Selanjutnya kita ubah dataframe transaction_data menjadi tipe class ‘transaction’. Bagaimana caranya? untuk menunjukkan prinsip konversi ini, kita akan mulai dengan cara yang salah.
Pada dasarnya untuk konversi data ke class transaction, adalah dengan menuliskan :
transaction_data <- as(transaction_data, "transactions")
trans_data <- as(transaction_data,"transactions")

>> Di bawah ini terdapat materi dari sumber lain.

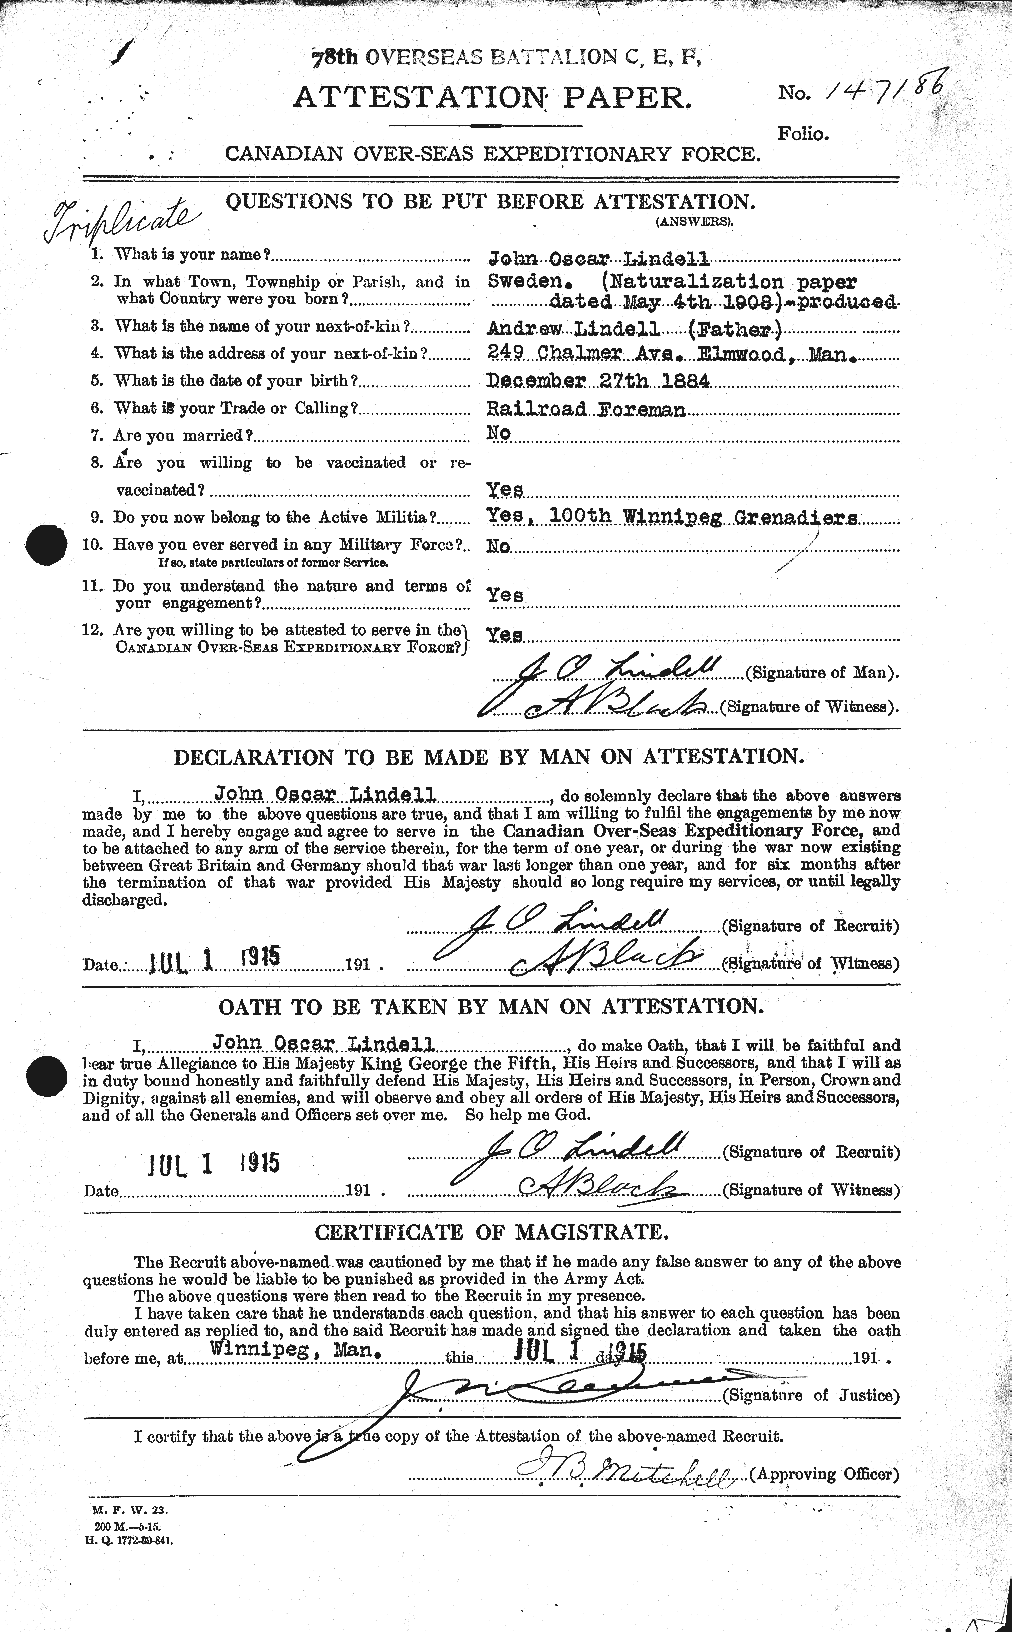 Personnel Records of the First World War - CEF 467689a

## Warning: Column(s) 1, 2 not logical or factor. Applying default discretization
## (see '? discretizeDF').
class(transaction_data)
## [1] "data.frame"
inspect(trans_data)
## items transactionID
## [1] {Kode.Transaksi=#01, Item=Teh Celup} 1
## [2] {Kode.Transaksi=#01, Item=Sirup} 2
## [3] {Kode.Transaksi=#01, Item=Pet Food} 3
## [4] {Kode.Transaksi=#02, Item=Teh Celup} 4
## [5] {Kode.Transaksi=#02, Item=Gula} 5
## [6] {Kode.Transaksi=#03, Item=Sirup} 6
## [7] {Kode.Transaksi=#03, Item=Pet Food} 7
## [8] {Kode.Transaksi=#04, Item=Teh Celup} 8
## [9] {Kode.Transaksi=#04, Item=Sirup} 9
## [10] {Kode.Transaksi=#05, Item=Teh Celup} 10
## [11] {Kode.Transaksi=#05, Item=Sirup} 11
## [12] {Kode.Transaksi=#05, Item=Gula} 12
## [13] {Kode.Transaksi=#06, Item=Teh Celup} 13
## [14] {Kode.Transaksi=#06, Item=Pet Food} 14
## [15] {Kode.Transaksi=#07, Item=Teh Celup} 15
## [16] {Kode.Transaksi=#07, Item=Sirup} 16
## [17] {Kode.Transaksi=#07, Item=Pet Food} 17
## [18] {Kode.Transaksi=#08, Item=Teh Celup} 18
## [19] {Kode.Transaksi=#09, Item=Teh Celup} 19
## [20] {Kode.Transaksi=#09, Item=Gula} 20
## [21] {Kode.Transaksi=#10, Item=Sirup} 21
## [22] {Kode.Transaksi=#10, Item=Pet Food} 22
## [23] {Kode.Transaksi=#10, Item=Gula} 23
Apakah di atas adalah hasil penyusunan yang kita inginkan?
Tentu saja bukan.
Data di atas berantakan berantakan, dan redundan pada kolom transactionID denagan kode transaksi. Terlebih, bahkan kita tidak paham apa yang bisa dicari dari data di atas.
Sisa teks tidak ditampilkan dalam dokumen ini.